_Exercise instructions:_
The material below includes pictures; leave them out and return only the lines between the line containing "Hermannin diakoniatalon vapaaehtoistyöntekijä" and the line containing "Qizen-Samurai-Warrior-Against-Vibrant-Orange-Background", inclusive, word for word.

_Data excerpts:_
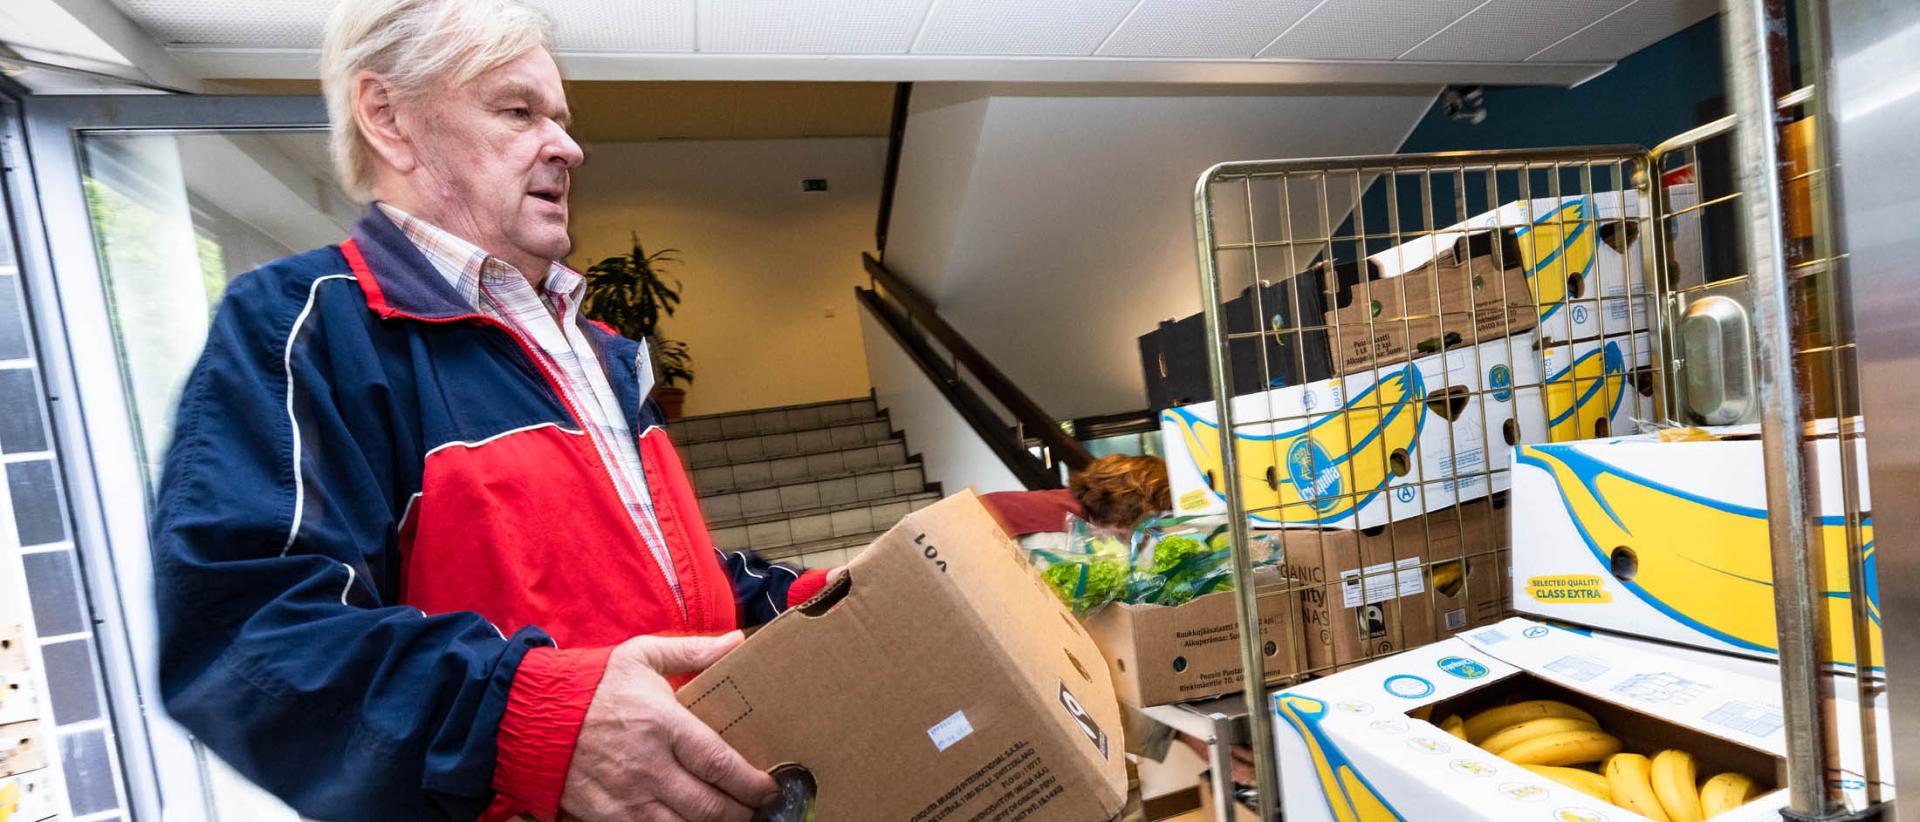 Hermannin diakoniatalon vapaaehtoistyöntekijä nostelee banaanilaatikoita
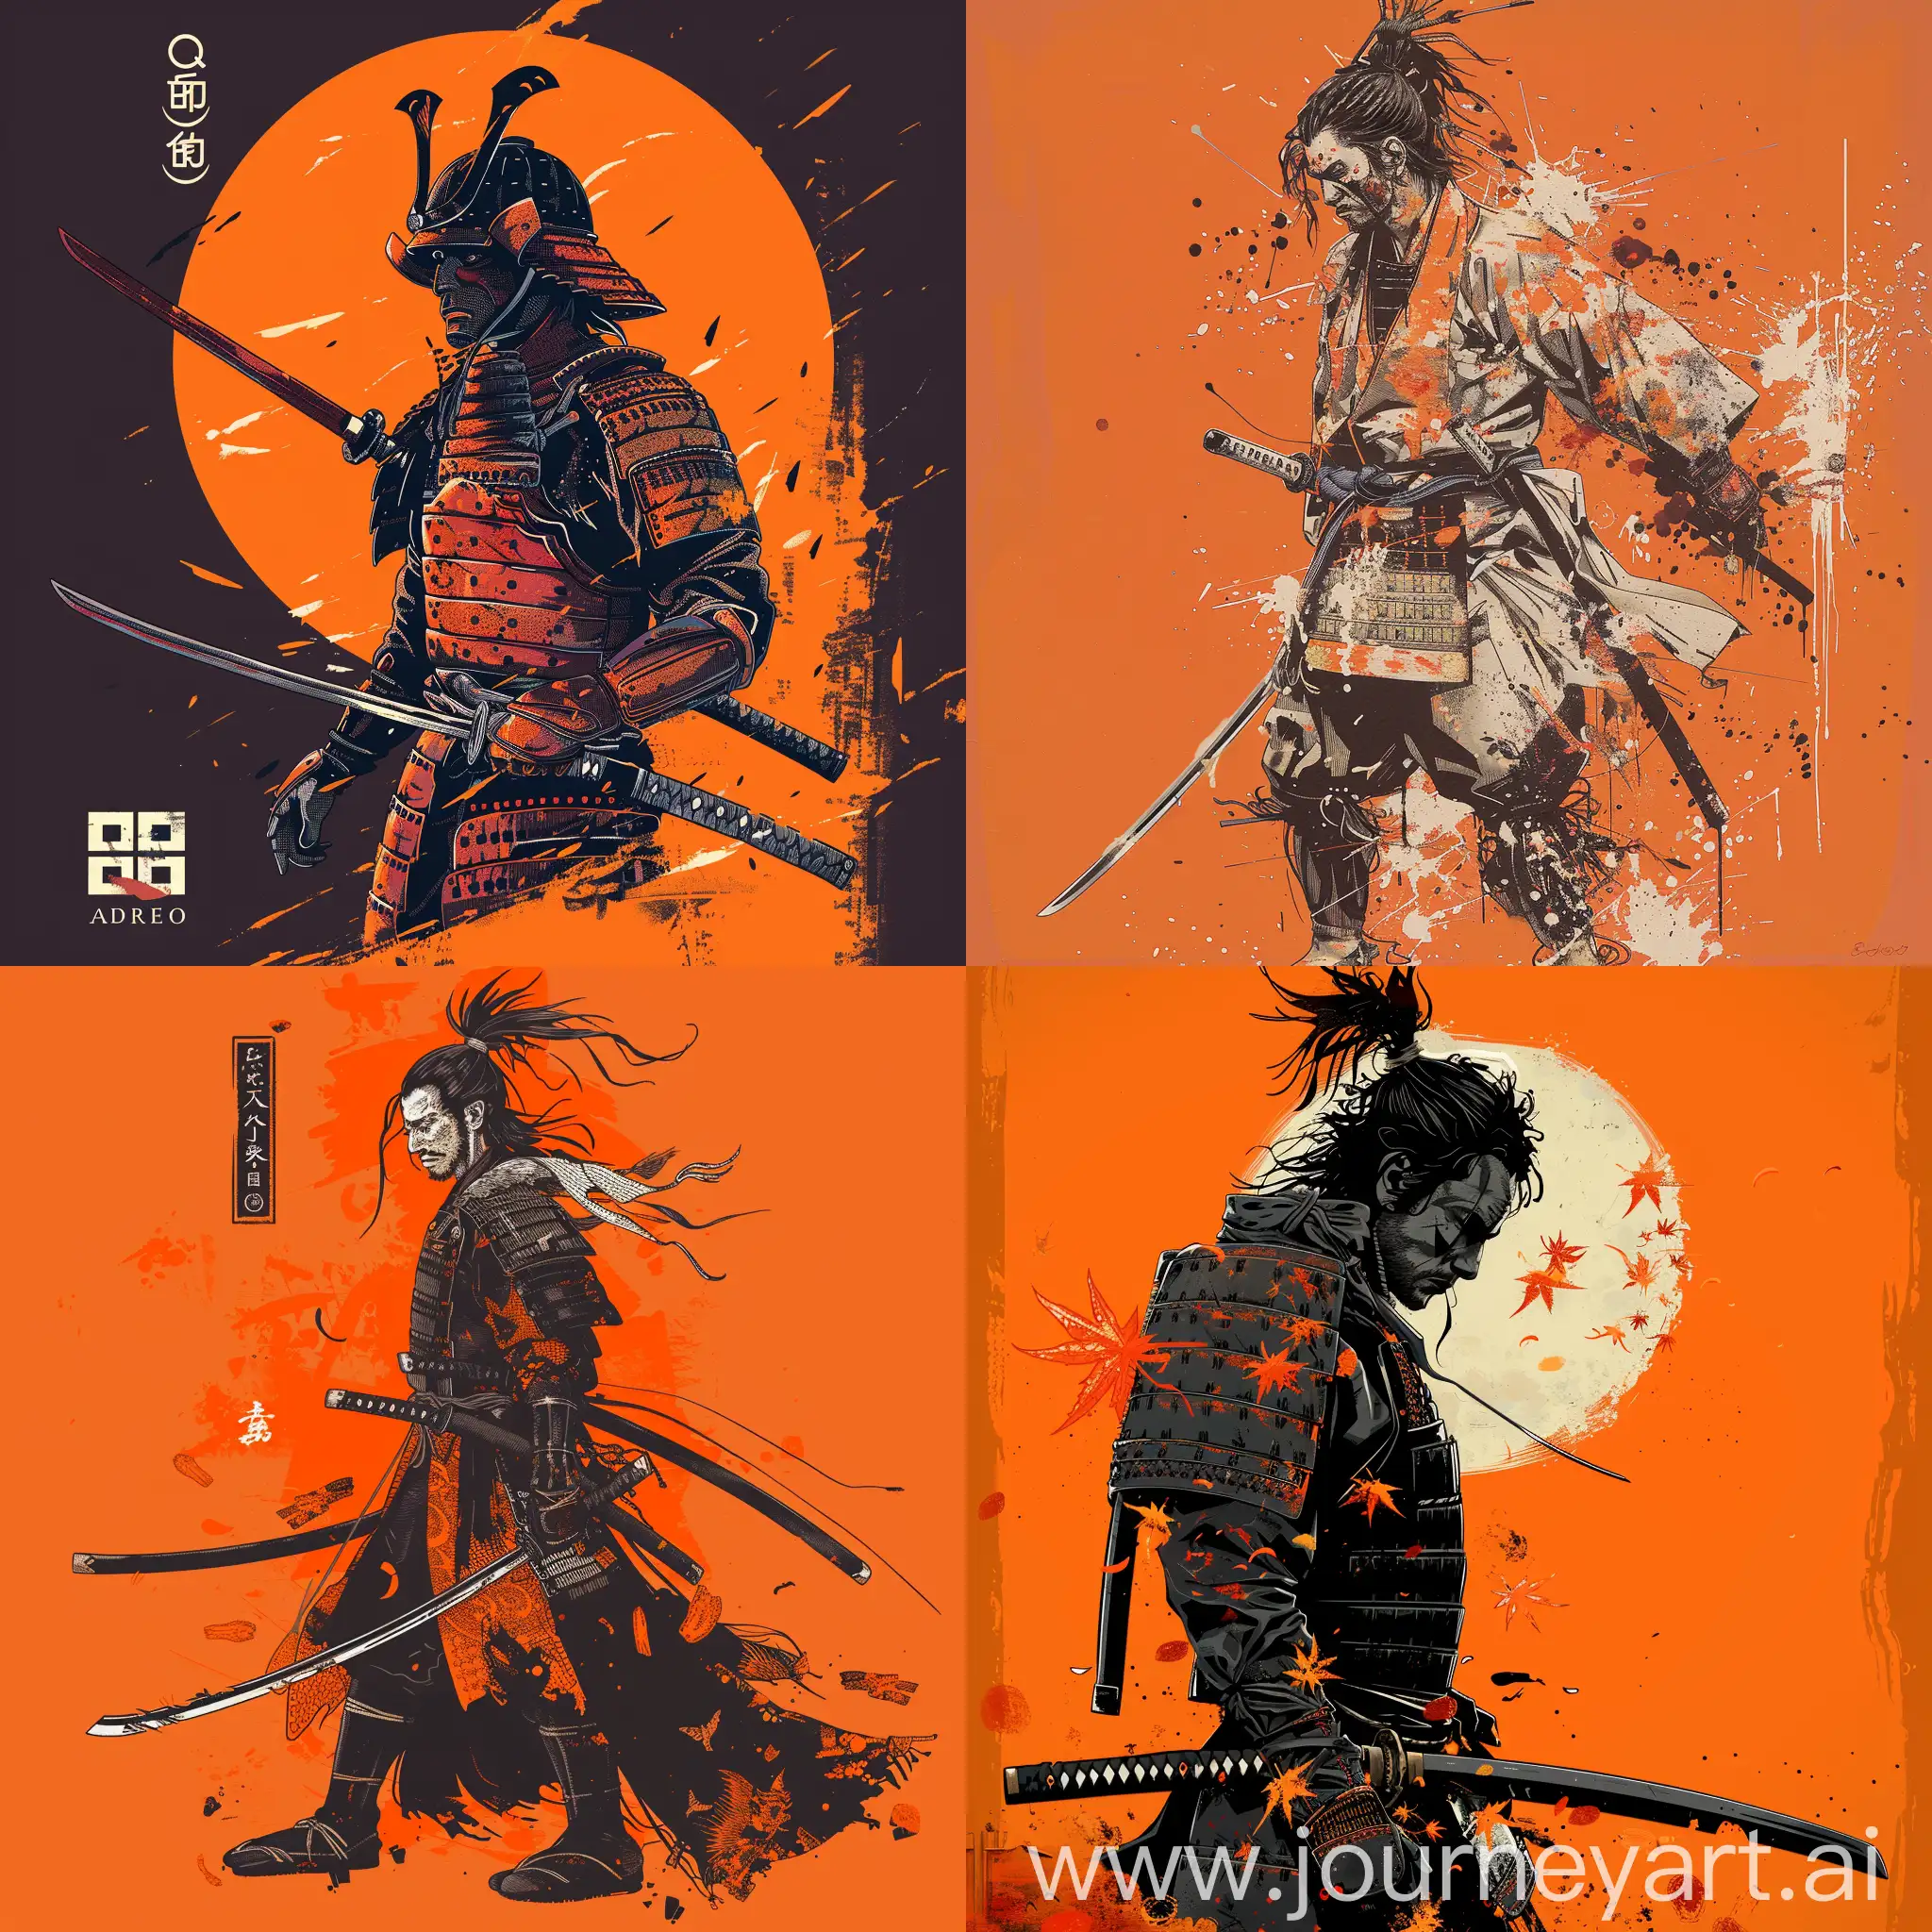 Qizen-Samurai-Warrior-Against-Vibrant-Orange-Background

* * *

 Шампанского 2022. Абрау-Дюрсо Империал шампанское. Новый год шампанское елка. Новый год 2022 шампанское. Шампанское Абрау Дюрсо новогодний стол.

...

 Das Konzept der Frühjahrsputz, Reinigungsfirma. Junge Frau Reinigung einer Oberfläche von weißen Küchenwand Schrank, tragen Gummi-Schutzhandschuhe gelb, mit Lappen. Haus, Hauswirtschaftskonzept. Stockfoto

_Exercise result:_
 Hermannin diakoniatalon vapaaehtoistyöntekijä nostelee banaanilaatikoita
 Qizen-Samurai-Warrior-Against-Vibrant-Orange-Background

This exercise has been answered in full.